With variable-time archive import each archive specifies a custom time range. This is a recommended solution for projects which generate their own archival equivalent (for example, outputting a discrete data set after running a script). Because the time ranges are determined by the source data, the archive database for this approach includes all interval fields as well, to support handling the database as an interval database. It is configured as a multiple-file-per-record structure.

Required Fields

Field	Type	Description
`uuid`	`uuid`	universally unique ID
`p_id`	`int(8)`	primary ID
`s_id`	`int(8)`	secondary ID
`t_start`	`instant(us)`	start time of data in file
`t_end`	`instant(us)`	end time of data in file
`duration`	`duration`	`t_end` - `t_start`
`t_min`	`instant(us)`	earliest time of data in file
`t_max`	`instant(us)`	latest time of data in file
`label`	`utf8vstring(128)`	plain text label
`content`	`utf8text`	extended text / CSV / HTML
`type`	`int(2)`	interval type code
`level`	`int(1)`	level code
`meta`	`jsonobject` (may be `null`)	arbitrary metadata as needed
`format`	`asciivstring(16)`	file format (see below)
`conf`	`jsonobject` (may be `null`)	configuration parameters, depending on `format`

Fixed-Time Archive Import

With fixed-time archive import each archive has a fixed time range. This is a recommended solution for projects which generate a persistent data stream (for example, data sources piped through a FEDS server). Unlike the variable-time archive database, this database is not treated as an interval database, because the time windows are arbitrary. It is configured as a multiple-file-per-record structure.

Required Fields

Field	Type	Description
`uuid`	`uuid`	universally unique ID
`t_start`	`instant(us)`	start time of data in file
`t_end`	`instant(us)`	end time of data in file
`duration`	`duration`	`t_end` - `t_start`
`t_min`	`instant(us)`	earliest time of data in file
`t_max`	`instant(us)`	latest time of data in file
`meta`	`jsonobject` (may be `null`)	arbitrary metadata as needed
`format`	`asciivstring(16)`	file format (see below)
`conf`	`jsonobject` (may be `null`)	configuration parameters, depending on `format`

Source File Formats

Currently there are two natively supported general purpose formats, one using the codes csv/tsv (full documentation here), and a binary format using the code xbin (full documentation here) Additional formats will be added in the future, and custom project-specific formats may be added as needed.

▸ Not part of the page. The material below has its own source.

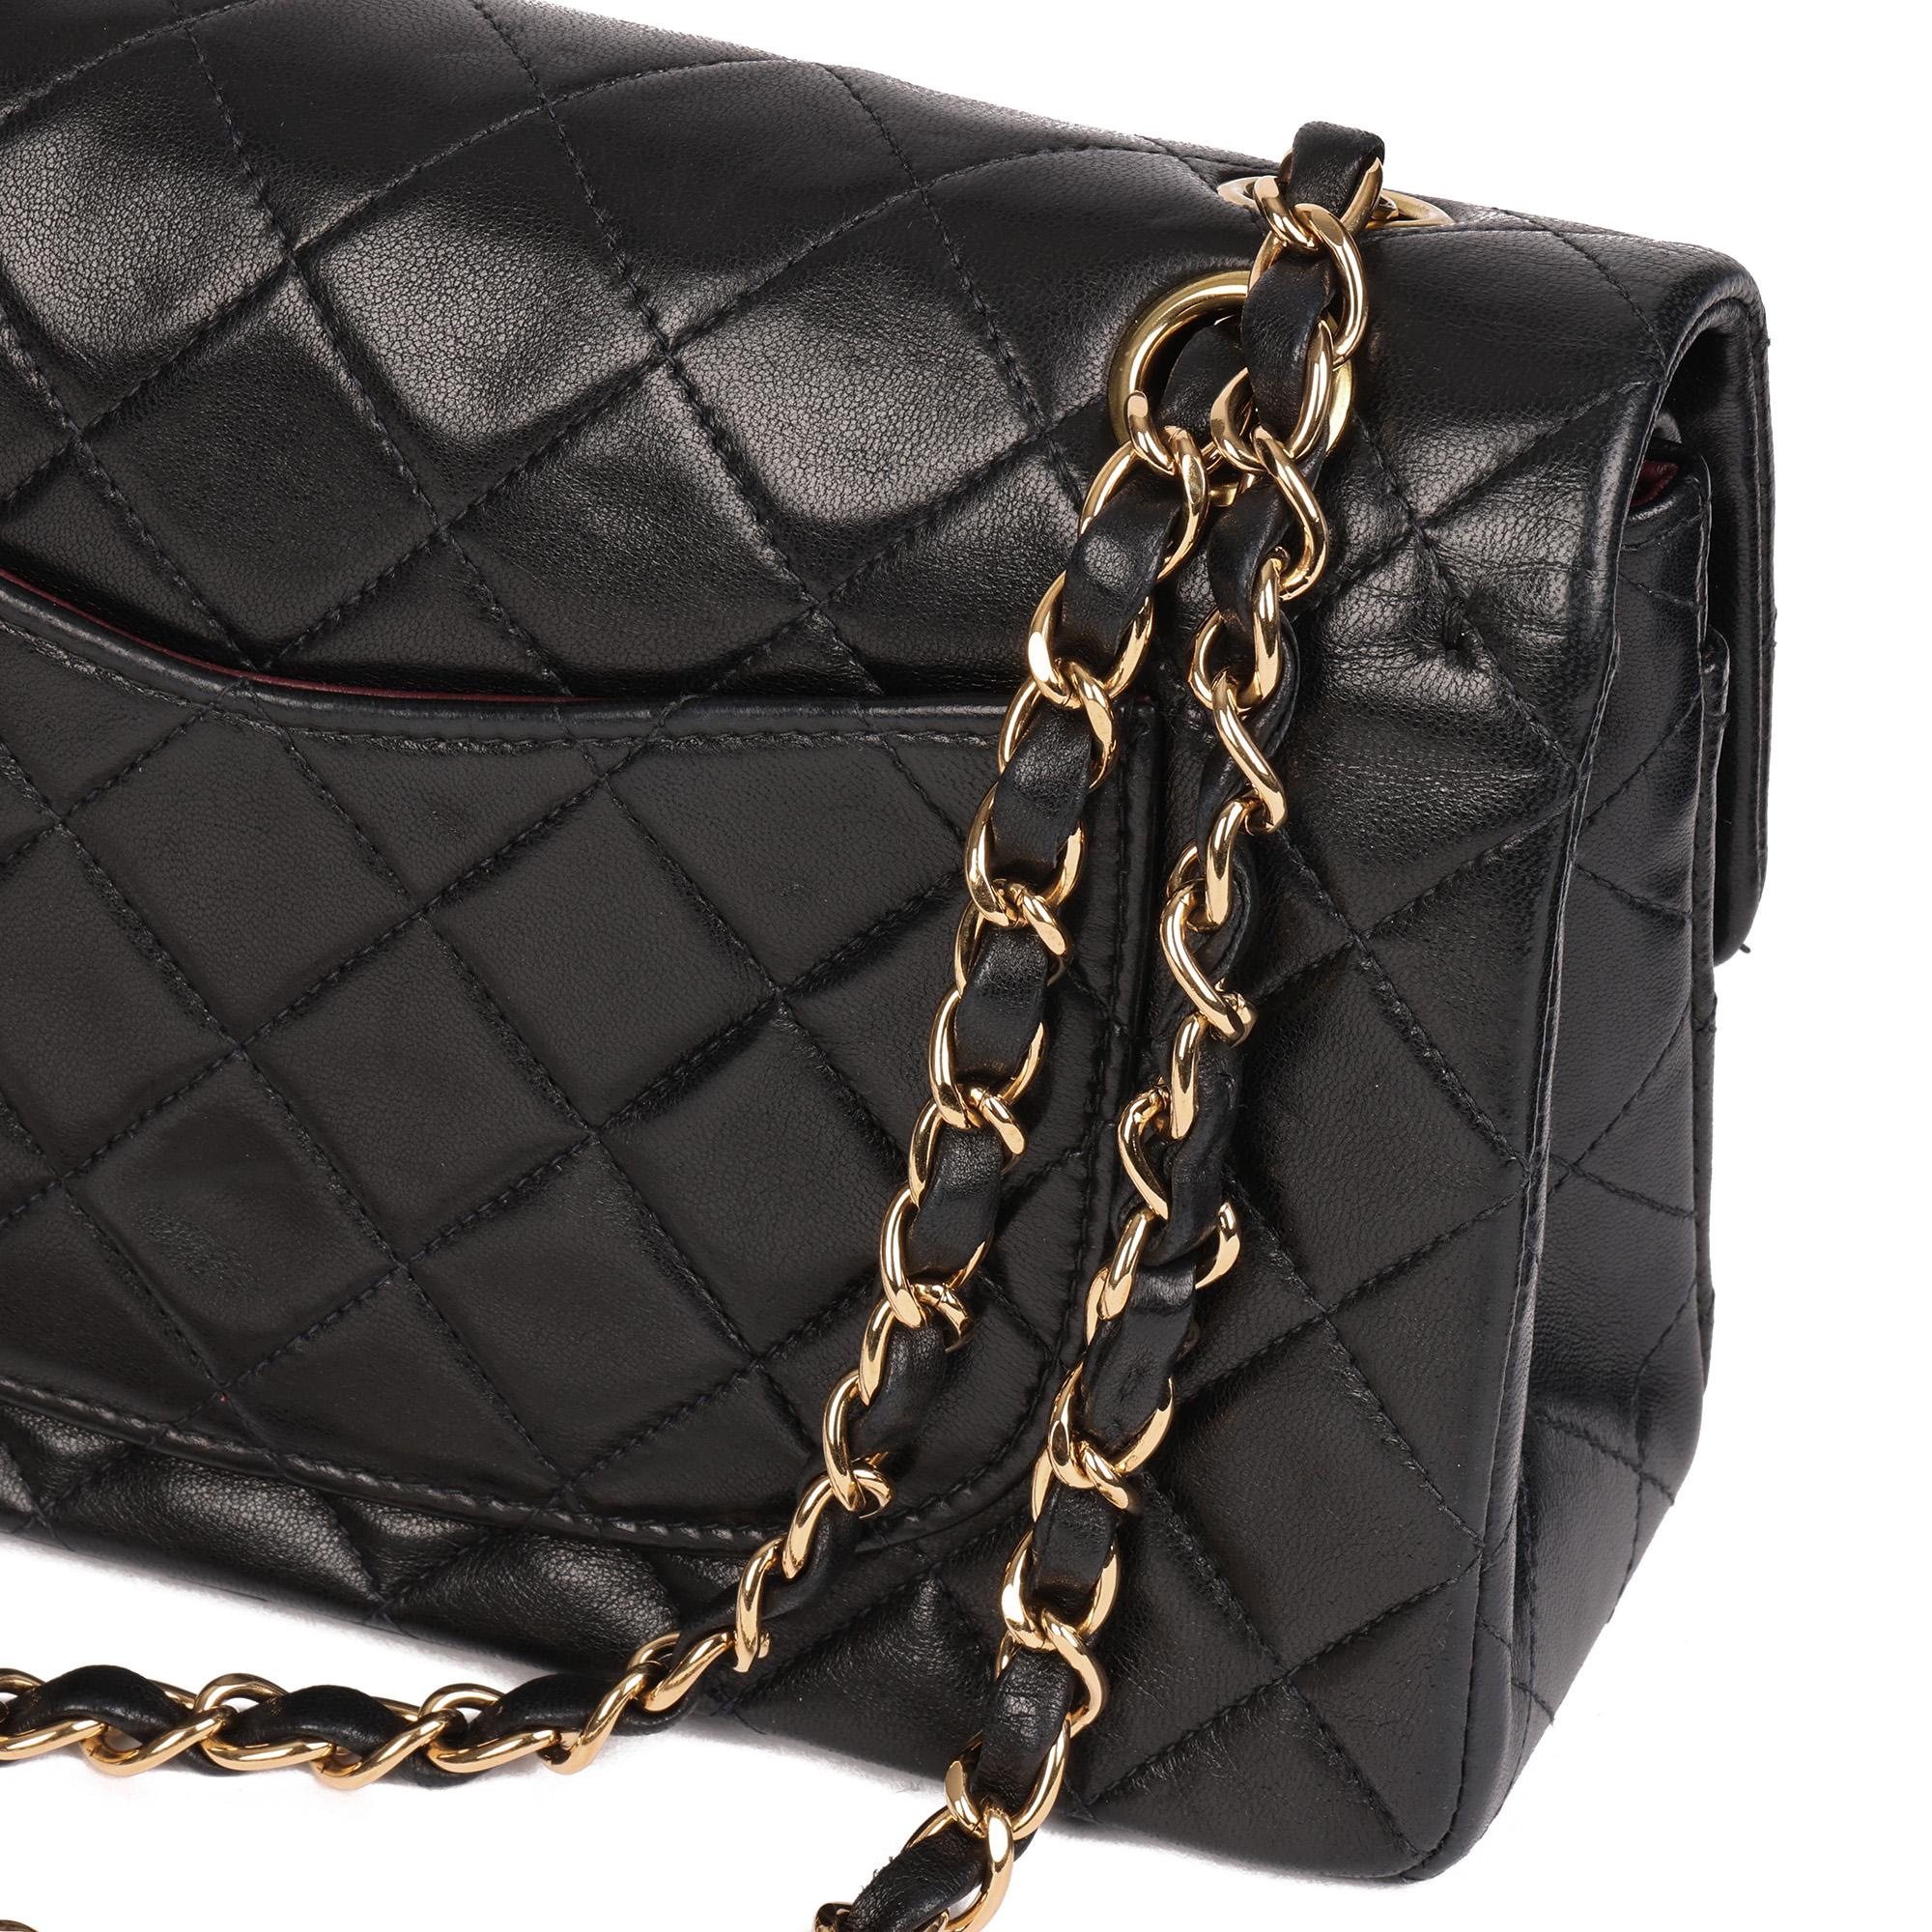 Chanel BLACK QUILTED LAMBSKIN VINTAGE SMALL CLASSIC DOUBLE FLAP BAG 3

Assumptions and Limitations

Each archive source file is considered the single source of truth for all mnemonics, instants, and intervals for it's associated origin for its time range. This has the following implications:

Archive files with the same origin cannot contain overlapping time ranges. If an import operation is performed with a file violating this constraint the operation will fail and return an error.

Within a single model, each mnemonic may only come from a single origin. Because mnemonics are not necessarily strictly associated with models, and the source may vary between models, this cannot be verified on import and must be verified on the client prior to importing data.